Certain object representations need not represent a value of the object type. If the stored value of an object has such a representation and is read by an lvalue expression that does not have character type, the behavior is undefined. If such a representation is produced by a side effect that modifies all or any part of the object by an lvalue expression that does not have character type, the behavior is undefined 50). Such a representation is called a trap representation.

There's a comment to the above normative text:

50) Thus, an automatic variable can be initialized to a trap representation without causing undefined behavior, but the value of the variable cannot be used until a proper value is stored in it.

(emphasis mine)

Furthermore, left-shifting a signed int variable containing an indeterminate value can also lead to undefined behavior in case it is interpreted as a negative one:

C11 6.5.7/4

The result of E1 << E2 is E1 left-shifted E2 bit positions; vacated bits are filled with zeros. If E1 has an unsigned type, the value of the result is E1 × 2E2, reduced modulo one more than the maximum value representable in the result type. If E1 has a signed type and nonnegative value, and E1 × 2E2 is representable in the result type, then that is the resulting value; otherwise, the behavior is undefined.

Answer 3

All four cases invoke undefined behavior in C since the uninitialized automatic variable never has its address taken. See different answer.

By the way, sizeof(x) is defined since the expression is not actually evaluated: it's a compile time evaluation that decays to the type.

In the latest C++1y draft(N3936) this is clearly undefined behavior since the language on indeterminate values and undefined behavior has been clarified and it now says in section 8.5:

[...]If an indeterminate value is produced by an evaluation, the behavior is undefined except in the following cases;

and goes on to list exception for some unsigned narrow character types only.

Previously in C++ we had to rely on the underspecified lvalue-to-rvalue conversion to prove undefined behavior, which is problematic in the general case. In this case we do have an lalue-to-rvalue conversion. If we look at section 5.2.2 Function call paragraph 7 which says (emphasis mine):

When there is no parameter for a given argument, the argument is passed in such a way that the receiving function can obtain the value of the argument by invoking va_arg (18.10). [...] The lvalue-to-rvalue (4.1), array-to-pointer (4.2), and function-to-pointer (4.3) standard conversions are performed on the argument expression.

Answer 4

With respect to C, the behavior of all the examples is may be undefined:

Chapter and verse

3.19.2
1 indeterminate value
either an unspecified value or a trap representation
...
6.2.6 Representations of types
6.2.6.1 General
...
5 Certain object representations need not represent a value of the object type.
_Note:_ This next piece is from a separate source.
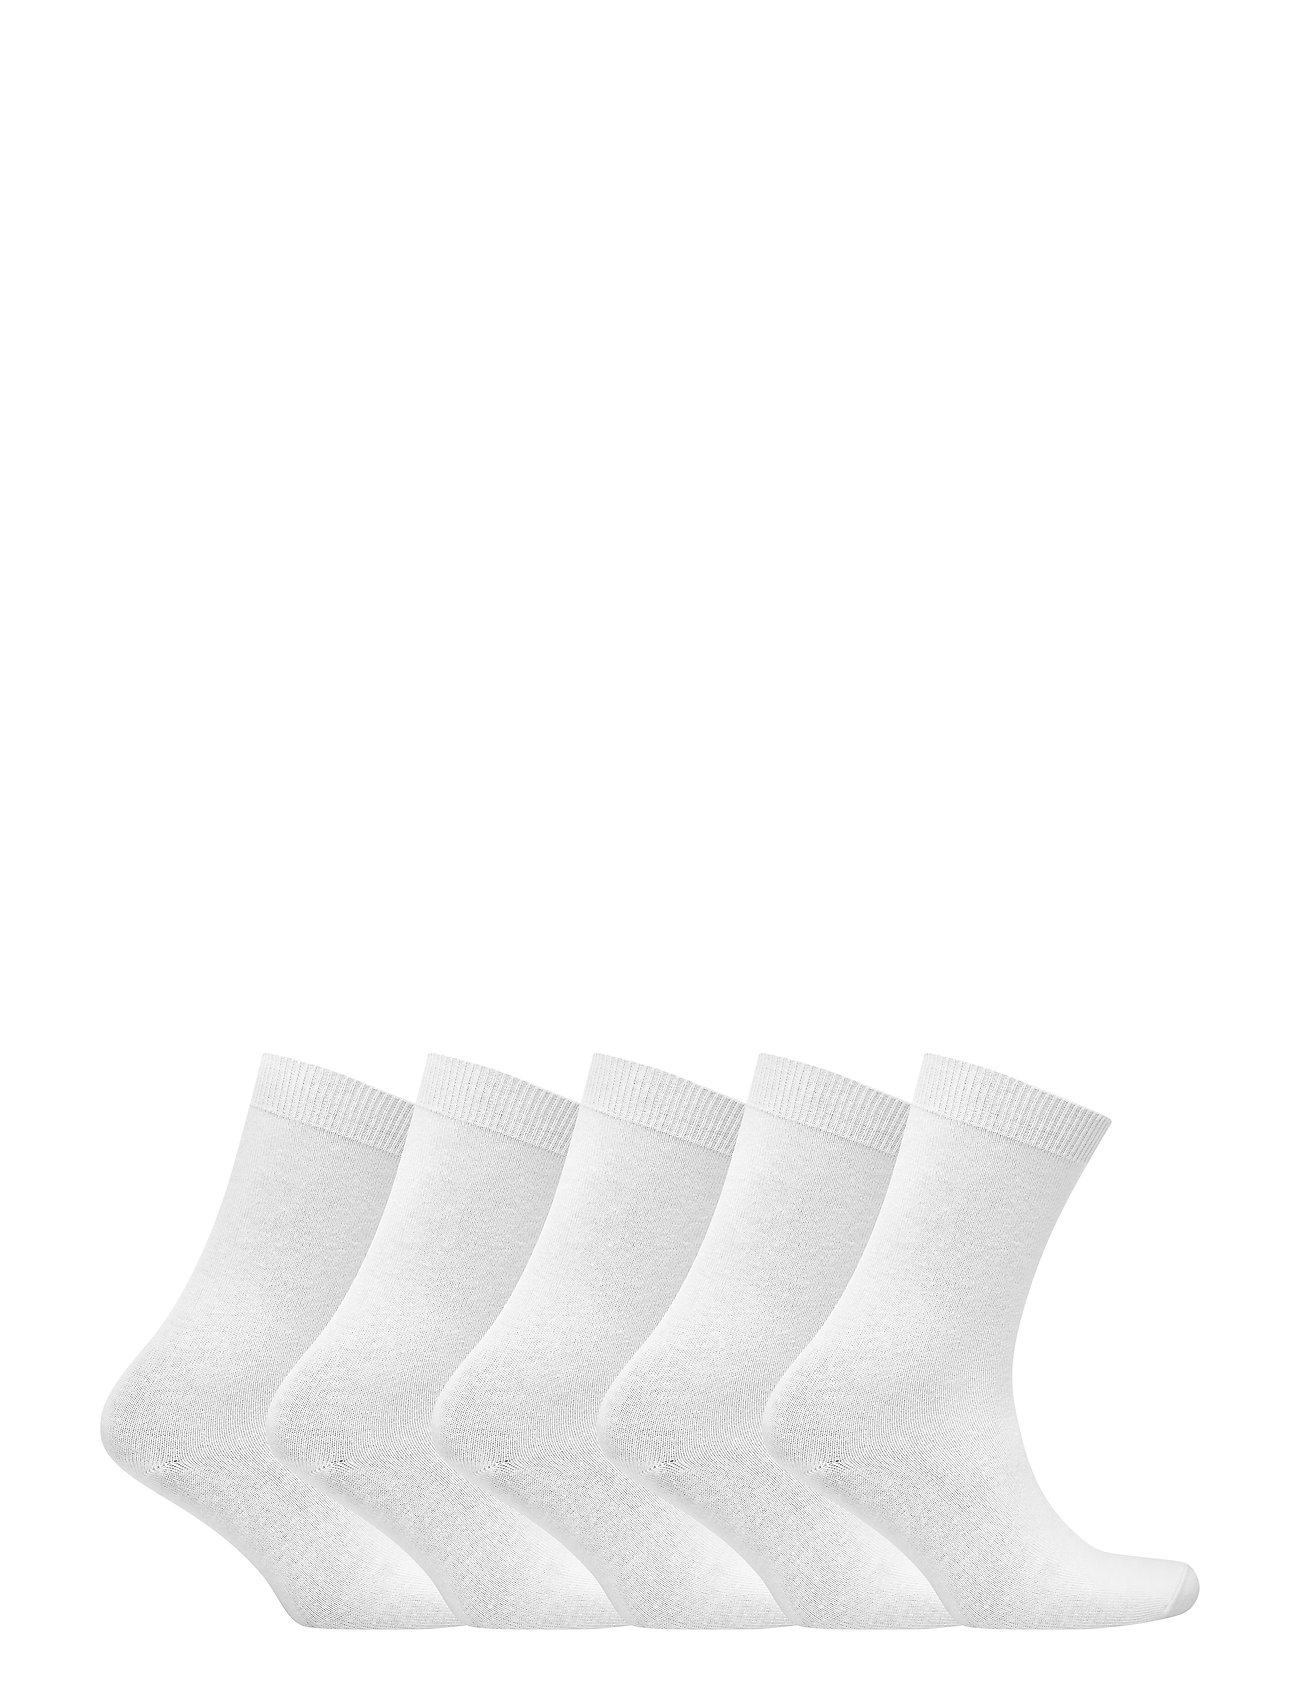 Decoy - DECOY ankle sock cotton 5-pk - lowest prices - vit - 1

If the stored value of an object has such a representation and is read by an lvalue expression that does not have character type, the behavior is undefined. If such a representation is produced by a side effect that modifies all or any part of the object by an lvalue expression that does not have character type, the behavior is undefined.⁵⁰⁾ Such a representation is called a trap representation.
...
^{50) Thus, an automatic variable can be initialized to a trap representation without causing undefined behavior, but the value of the variable cannot be used until a proper value is stored in it.}

In all four cases, x has automatic storage duration and is not explicitly initialized, meaning its value is indeterminate; if this indeterminate value is a trap representation, then the behavior is undefined.

EDIT

Removed reference to appendix J, as it is non-normative.